When the line containing "Perceeloppervlakte Caro Van" is found in the data below, copy it and each line after it through the line containing "Aqueon Betta Bowl", exactly and with no others.

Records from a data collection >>

·····

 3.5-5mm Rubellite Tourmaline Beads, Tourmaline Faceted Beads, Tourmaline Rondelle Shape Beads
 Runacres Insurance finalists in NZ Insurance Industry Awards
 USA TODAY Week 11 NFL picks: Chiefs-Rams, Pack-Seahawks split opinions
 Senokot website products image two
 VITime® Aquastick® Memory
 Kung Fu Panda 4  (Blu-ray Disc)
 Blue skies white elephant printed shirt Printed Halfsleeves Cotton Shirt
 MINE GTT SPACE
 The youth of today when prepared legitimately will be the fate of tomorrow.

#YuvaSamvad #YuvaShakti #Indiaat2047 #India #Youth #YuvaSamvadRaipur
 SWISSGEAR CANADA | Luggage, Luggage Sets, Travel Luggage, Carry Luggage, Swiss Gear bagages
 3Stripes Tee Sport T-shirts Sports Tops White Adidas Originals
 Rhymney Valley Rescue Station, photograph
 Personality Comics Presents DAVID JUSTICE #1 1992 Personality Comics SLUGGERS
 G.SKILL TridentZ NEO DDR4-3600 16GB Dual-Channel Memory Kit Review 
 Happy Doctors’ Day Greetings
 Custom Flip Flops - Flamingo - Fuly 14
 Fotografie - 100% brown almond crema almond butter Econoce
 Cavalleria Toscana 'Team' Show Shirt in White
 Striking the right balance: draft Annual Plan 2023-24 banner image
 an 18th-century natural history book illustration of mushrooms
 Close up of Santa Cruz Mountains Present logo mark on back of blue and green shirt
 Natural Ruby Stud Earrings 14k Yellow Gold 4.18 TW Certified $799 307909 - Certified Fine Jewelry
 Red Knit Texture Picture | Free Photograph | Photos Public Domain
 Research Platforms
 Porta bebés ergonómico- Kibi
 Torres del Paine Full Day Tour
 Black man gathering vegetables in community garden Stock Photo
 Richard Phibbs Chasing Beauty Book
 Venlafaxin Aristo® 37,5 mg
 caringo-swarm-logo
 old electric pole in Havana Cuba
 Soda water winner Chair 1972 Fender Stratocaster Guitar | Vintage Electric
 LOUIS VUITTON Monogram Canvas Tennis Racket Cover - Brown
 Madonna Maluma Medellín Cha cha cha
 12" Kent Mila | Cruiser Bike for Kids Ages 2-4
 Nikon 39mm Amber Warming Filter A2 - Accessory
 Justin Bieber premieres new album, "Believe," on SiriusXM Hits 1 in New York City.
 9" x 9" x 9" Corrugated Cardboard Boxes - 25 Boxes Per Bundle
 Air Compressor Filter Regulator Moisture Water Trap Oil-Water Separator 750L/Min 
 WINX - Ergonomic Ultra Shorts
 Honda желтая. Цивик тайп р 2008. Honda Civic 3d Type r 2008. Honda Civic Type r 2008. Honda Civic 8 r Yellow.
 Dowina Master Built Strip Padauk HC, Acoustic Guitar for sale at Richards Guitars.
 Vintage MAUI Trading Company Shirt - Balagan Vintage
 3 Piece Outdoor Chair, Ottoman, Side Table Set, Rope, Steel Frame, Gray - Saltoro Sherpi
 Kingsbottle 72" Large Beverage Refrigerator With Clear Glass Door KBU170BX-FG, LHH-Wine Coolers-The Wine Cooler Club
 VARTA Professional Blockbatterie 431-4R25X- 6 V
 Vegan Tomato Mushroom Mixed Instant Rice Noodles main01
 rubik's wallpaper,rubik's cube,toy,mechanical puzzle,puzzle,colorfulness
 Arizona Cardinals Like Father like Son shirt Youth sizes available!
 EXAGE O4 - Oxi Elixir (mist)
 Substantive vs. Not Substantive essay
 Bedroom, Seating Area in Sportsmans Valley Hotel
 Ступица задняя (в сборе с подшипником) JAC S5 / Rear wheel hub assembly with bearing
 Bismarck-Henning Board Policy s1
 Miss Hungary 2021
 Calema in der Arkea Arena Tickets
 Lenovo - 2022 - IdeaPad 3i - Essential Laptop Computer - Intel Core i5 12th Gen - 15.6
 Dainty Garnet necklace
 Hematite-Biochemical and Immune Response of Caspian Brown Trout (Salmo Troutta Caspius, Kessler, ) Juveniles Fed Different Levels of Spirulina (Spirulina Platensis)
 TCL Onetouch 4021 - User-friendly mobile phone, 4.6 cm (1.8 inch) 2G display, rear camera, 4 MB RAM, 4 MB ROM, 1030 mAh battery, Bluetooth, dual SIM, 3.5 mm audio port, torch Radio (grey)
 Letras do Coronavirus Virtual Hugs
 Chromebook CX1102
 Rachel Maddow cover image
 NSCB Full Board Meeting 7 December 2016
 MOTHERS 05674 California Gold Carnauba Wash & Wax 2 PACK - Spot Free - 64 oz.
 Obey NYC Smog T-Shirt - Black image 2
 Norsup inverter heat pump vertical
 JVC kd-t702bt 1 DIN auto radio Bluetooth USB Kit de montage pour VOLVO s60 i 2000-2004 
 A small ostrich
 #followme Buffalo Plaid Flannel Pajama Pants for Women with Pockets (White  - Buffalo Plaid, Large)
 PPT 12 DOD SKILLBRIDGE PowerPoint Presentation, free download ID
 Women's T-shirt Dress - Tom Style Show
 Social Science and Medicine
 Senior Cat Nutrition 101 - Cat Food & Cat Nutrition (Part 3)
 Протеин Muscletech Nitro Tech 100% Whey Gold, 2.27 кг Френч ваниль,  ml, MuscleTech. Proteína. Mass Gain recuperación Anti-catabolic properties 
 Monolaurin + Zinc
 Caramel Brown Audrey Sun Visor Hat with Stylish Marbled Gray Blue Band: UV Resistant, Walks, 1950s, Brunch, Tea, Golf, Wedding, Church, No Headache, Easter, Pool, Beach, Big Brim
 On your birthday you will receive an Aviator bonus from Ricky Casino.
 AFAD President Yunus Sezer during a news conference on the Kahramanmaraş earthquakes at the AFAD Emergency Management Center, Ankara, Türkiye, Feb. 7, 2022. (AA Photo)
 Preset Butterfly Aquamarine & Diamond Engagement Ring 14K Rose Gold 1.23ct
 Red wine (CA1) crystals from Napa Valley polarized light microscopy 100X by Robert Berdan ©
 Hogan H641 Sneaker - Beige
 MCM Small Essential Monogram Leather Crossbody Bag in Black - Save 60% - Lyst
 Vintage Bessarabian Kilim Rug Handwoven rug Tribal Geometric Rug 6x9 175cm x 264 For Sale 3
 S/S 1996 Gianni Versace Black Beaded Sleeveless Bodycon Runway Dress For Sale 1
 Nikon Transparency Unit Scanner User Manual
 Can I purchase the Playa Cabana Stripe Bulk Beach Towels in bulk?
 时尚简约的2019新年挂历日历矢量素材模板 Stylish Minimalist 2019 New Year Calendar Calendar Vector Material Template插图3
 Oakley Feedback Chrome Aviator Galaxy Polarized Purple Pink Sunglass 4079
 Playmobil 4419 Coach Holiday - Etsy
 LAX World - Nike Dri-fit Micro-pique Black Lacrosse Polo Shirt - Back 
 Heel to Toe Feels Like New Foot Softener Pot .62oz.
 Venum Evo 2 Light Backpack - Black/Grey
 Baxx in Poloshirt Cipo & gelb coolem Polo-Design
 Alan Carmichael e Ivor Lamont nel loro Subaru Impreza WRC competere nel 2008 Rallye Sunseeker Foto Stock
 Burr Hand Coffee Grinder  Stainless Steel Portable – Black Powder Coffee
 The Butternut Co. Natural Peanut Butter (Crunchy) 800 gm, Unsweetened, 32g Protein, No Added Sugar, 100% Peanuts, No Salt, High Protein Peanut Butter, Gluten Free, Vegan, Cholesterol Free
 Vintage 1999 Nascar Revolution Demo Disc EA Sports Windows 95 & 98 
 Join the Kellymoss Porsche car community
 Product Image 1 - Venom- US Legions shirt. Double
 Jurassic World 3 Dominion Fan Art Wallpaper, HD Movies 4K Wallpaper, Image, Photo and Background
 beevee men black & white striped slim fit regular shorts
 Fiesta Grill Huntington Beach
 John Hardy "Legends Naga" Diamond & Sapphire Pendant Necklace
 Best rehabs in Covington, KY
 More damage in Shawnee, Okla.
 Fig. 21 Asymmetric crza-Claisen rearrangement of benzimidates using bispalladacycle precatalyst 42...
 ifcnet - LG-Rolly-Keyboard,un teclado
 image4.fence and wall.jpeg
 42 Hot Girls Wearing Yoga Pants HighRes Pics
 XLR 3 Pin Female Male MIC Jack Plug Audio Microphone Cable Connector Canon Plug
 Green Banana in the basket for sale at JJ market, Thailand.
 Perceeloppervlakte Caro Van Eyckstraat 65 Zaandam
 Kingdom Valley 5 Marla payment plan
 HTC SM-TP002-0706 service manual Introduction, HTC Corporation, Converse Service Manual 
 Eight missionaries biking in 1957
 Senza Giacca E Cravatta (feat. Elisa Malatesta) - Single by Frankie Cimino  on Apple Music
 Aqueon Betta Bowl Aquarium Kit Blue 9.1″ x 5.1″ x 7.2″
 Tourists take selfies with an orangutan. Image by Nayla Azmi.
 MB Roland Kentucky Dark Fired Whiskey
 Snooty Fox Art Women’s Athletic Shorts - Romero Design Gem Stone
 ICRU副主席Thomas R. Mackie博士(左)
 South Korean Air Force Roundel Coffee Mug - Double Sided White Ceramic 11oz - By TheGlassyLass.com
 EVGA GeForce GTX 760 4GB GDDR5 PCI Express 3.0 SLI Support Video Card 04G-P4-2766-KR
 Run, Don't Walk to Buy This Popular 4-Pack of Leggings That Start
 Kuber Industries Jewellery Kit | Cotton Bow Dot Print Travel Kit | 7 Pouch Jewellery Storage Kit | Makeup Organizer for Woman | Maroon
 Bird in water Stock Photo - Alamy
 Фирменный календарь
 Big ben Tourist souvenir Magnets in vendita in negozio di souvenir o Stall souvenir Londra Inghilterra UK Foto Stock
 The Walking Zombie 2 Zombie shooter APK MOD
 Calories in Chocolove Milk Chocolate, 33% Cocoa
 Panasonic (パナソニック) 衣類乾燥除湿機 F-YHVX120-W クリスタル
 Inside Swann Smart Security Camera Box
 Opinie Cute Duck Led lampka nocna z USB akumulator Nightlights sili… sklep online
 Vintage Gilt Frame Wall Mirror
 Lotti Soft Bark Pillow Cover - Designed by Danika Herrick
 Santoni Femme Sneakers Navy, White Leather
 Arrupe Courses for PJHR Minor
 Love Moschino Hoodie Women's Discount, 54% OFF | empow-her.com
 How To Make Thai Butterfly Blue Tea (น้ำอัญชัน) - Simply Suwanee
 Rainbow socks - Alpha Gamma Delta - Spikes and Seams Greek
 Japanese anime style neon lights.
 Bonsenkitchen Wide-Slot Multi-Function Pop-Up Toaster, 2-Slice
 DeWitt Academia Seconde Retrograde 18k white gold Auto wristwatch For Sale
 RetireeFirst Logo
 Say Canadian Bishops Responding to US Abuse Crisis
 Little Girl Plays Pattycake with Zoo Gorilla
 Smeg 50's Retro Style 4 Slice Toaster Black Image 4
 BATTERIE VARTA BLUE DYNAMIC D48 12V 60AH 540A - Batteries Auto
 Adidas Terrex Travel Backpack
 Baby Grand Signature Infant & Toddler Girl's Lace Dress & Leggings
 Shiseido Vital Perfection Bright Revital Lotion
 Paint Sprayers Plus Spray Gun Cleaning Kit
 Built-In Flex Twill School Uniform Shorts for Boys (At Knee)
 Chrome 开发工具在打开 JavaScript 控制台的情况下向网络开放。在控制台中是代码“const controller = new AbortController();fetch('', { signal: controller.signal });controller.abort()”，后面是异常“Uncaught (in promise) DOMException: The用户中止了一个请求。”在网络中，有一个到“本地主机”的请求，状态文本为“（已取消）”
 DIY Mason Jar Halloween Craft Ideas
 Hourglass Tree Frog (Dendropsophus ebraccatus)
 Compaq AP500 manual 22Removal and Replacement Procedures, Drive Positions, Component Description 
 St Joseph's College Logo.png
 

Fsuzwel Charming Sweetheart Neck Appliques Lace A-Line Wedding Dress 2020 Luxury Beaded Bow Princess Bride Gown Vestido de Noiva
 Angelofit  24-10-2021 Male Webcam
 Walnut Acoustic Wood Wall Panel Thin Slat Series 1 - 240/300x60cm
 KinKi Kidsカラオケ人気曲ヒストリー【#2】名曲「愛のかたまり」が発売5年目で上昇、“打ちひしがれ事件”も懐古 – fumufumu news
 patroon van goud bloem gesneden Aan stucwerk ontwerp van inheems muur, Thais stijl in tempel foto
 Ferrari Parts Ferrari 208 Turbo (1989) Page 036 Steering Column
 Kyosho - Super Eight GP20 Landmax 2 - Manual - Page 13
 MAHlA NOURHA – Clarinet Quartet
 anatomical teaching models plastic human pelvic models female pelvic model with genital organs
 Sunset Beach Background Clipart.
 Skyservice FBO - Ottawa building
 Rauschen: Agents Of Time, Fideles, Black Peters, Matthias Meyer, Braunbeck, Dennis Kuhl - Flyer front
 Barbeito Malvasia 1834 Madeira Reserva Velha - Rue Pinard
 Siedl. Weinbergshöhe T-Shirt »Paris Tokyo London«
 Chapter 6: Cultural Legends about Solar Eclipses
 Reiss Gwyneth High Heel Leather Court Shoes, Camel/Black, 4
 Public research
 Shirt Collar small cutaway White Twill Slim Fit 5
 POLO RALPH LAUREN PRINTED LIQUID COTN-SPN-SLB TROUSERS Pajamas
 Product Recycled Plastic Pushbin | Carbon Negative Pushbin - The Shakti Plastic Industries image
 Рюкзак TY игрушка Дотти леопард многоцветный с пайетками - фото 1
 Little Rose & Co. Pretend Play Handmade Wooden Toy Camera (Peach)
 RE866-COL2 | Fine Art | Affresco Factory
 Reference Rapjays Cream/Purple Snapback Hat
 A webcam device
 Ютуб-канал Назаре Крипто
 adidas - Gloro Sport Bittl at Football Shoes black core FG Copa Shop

·····

SOLUTION >>
 Perceeloppervlakte Caro Van Eyckstraat 65 Zaandam
 Kingdom Valley 5 Marla payment plan
 HTC SM-TP002-0706 service manual Introduction, HTC Corporation, Converse Service Manual 
 Eight missionaries biking in 1957
 Senza Giacca E Cravatta (feat. Elisa Malatesta) - Single by Frankie Cimino  on Apple Music
 Aqueon Betta Bowl Aquarium Kit Blue 9.1″ x 5.1″ x 7.2″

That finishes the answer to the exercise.